Why are the current owners looking to sell the property?

This information will help when it comes to putting in an offer. It’s good to find out if they are very motivated sellers who may need to move quickly, or if they’ve just put their home on the market to see what kind of interest it gets.

If they’re looking for a quick sale there could be an opportunity to offer a lower price, especially if you’re in a good position with no chain and a Mortgage in Principle already sorted.

How long has the property been on the market?

The time it takes to sell a property varies depending on local market demand, the price and the type of property, so it shouldn’t put you off if it’s been on for a few months.

Normally, if it’s been on for longer than six months there could be an opportunity to negotiate on the asking price, unless it’s already been reduced recently.

Has the property had any major building work done recently?

It’s recommended that you have a full structural survey on a property you’d like to buy, but you can ask some questions before then as well.

You could ask on the viewing if the house has been extended and how long ago that was. It’s also worth asking if there’s any potential to extend the property, but bear in mind this will need to go through planning permission so may not be approved.

What’s the parking situation?

If your property doesn’t come with a garage or parking space, you’ll have to work out where you can park.

Do you need a disabled parking spot on a main road, for instance? Contact the local council to find out how you can get a designated space.

How much will the bills be?

Ask the estate agent if they know how much the Council Tax is for the area, and also have a look at the Energy Performance Certificate (EPC), available on the property listing, to see how energy efficient the house is.

The EPC will tell you the current rating from A – G and the potential rating it could be if the energy efficiency is improved.

Is the property part of a chain?

This may give you a little bargaining power. If a seller has already found their next property, they may be willing to accept a lower offer to ensure that a move happens quickly.

However, if they haven’t, you might become part of a longer chain, so you need to think about how long you’re willing to wait.

Does the local area have any issues to be aware of?

Investigating the location properly is massively important. Do your research. Visit the house and ask neighbours what they think of the area.

Also, if you’re new to the area and will be commuting by train or bus, try and visit the area both during the day and also at night.

What’s included in the sale?

Get as much information as you can here. For example, will any white goods, such as a dishwasher or washing machine, be included in the price?

Having these essentials already in the property will make the move feel a lot smoother as you spend the following days and weeks unpacking. If you already have your own white goods you may even be able to make some money by selling what’s been left behind.

Who are the neighbours?

How much this answer affects your decision will vary from buyer to buyer. Noisy neighbours who party all night long could be a massive turn-off for some people.

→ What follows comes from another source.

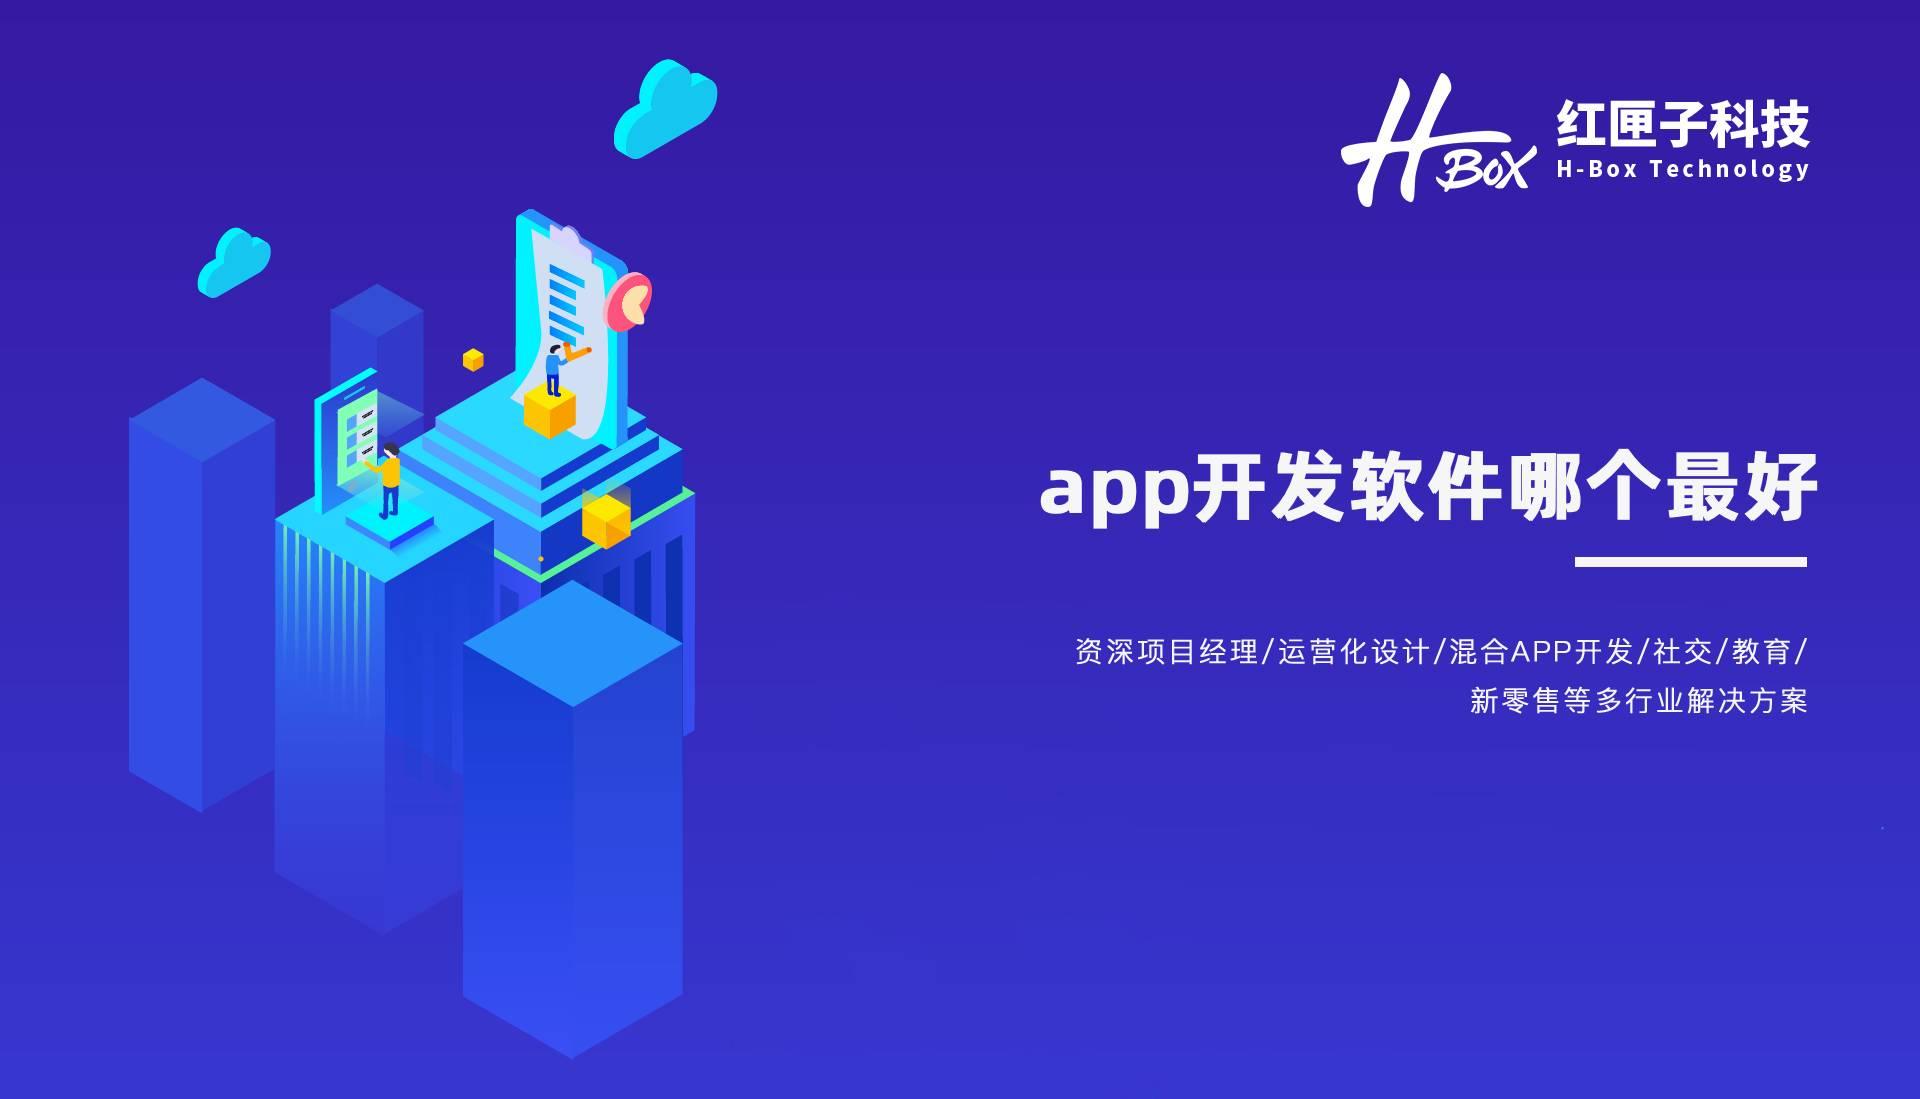 app开发软件哪个最好

But for others, it might not be such a big deal. Alternatively, a community with really friendly neighbours may make up for any negatives a property has.

Ready to get your foot on the property ladder? 

Thinking about buying your first home? Getting onto the property ladder can be a big step. To discuss how we could help you through the mortgage process, speak to The Surrey Mortgage Broker – telephone 01252 759233 – email richard@thesurreymortgagebroker.co.uk

Energy Efficiency

Having recently taken the plunge and had solar panels installed I thought this article on Energy Efficiency would be worth sharing.

Guiding the way many Britons are making home-moving decisions

It’s no secret that energy prices have been on the rise in recent months, and this is something that is now having a big impact on the way people live their lives. One way that people are reacting to increasing energy costs is by making decisions about where they live based on how energy efficient the property is.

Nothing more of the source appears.